**Task brief:**
Output each line of the data below exactly, omitting any image.

**** Data below ****

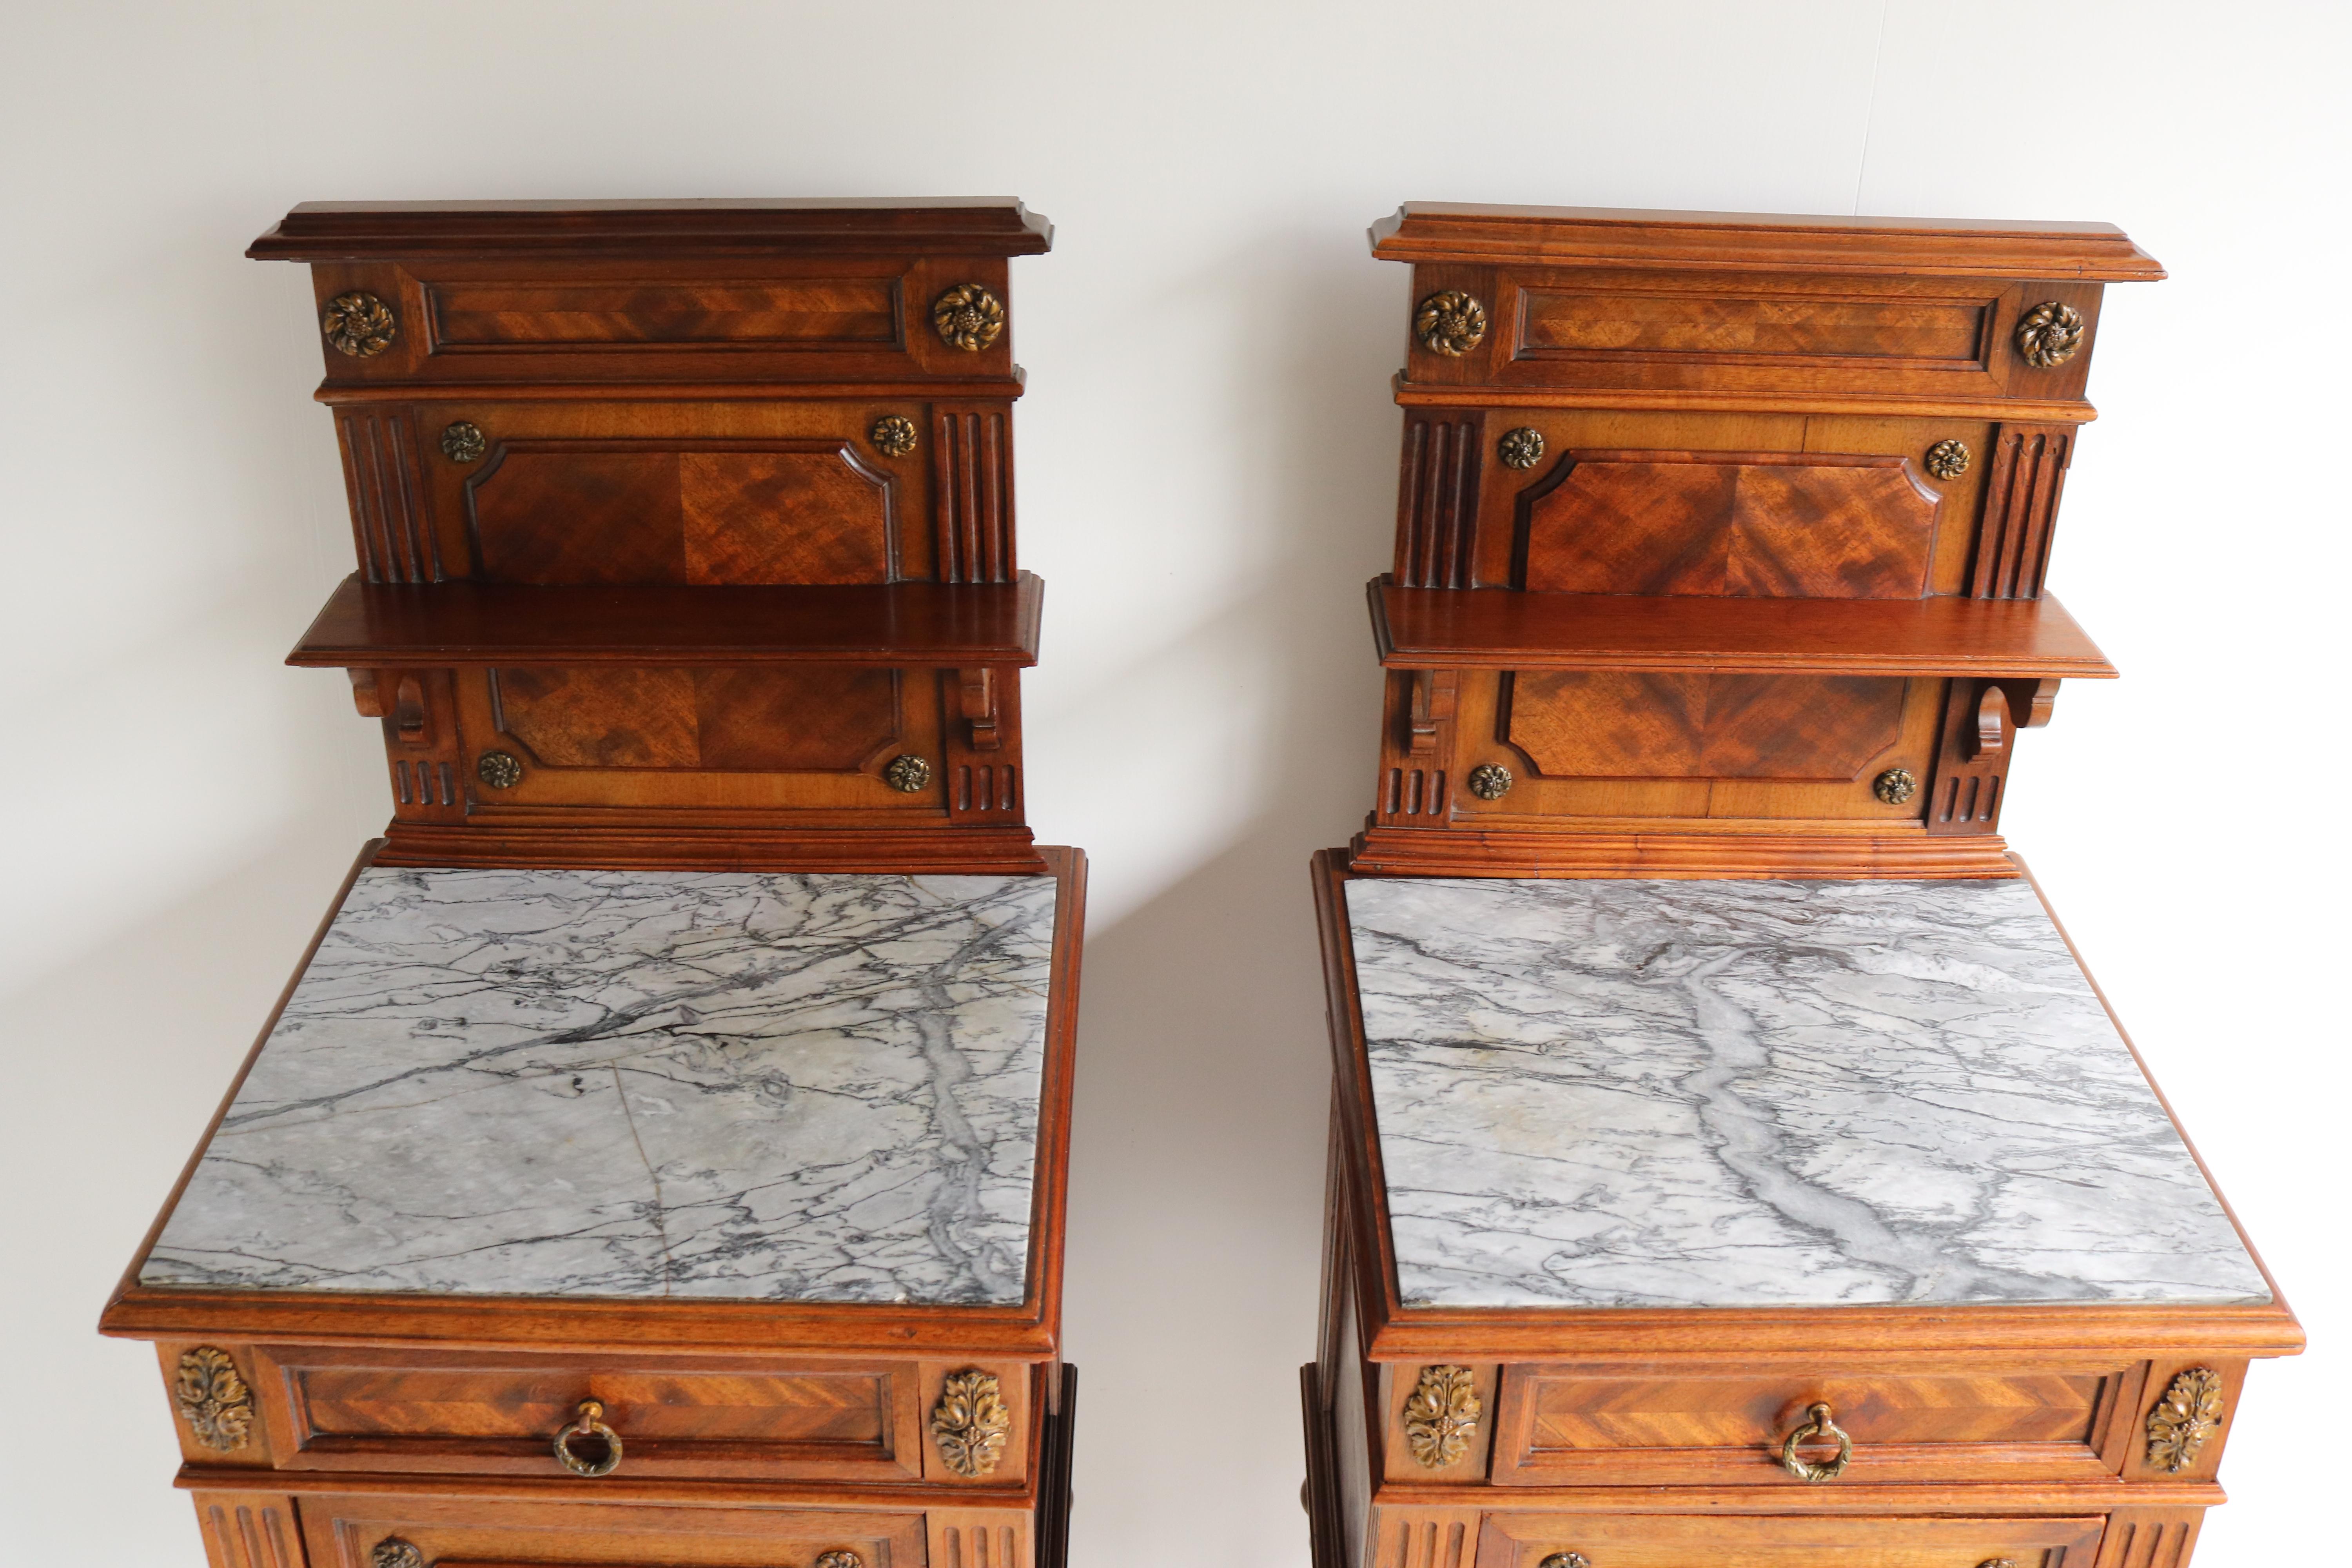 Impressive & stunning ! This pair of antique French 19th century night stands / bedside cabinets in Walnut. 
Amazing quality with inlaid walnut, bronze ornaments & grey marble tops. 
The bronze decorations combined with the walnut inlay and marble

****

**Task result:**
 Impressive & stunning ! This pair of antique French 19th century night stands / bedside cabinets in Walnut. 
Amazing quality with inlaid walnut, bronze ornaments & grey marble tops. 
The bronze decorations combined with the walnut inlay and marble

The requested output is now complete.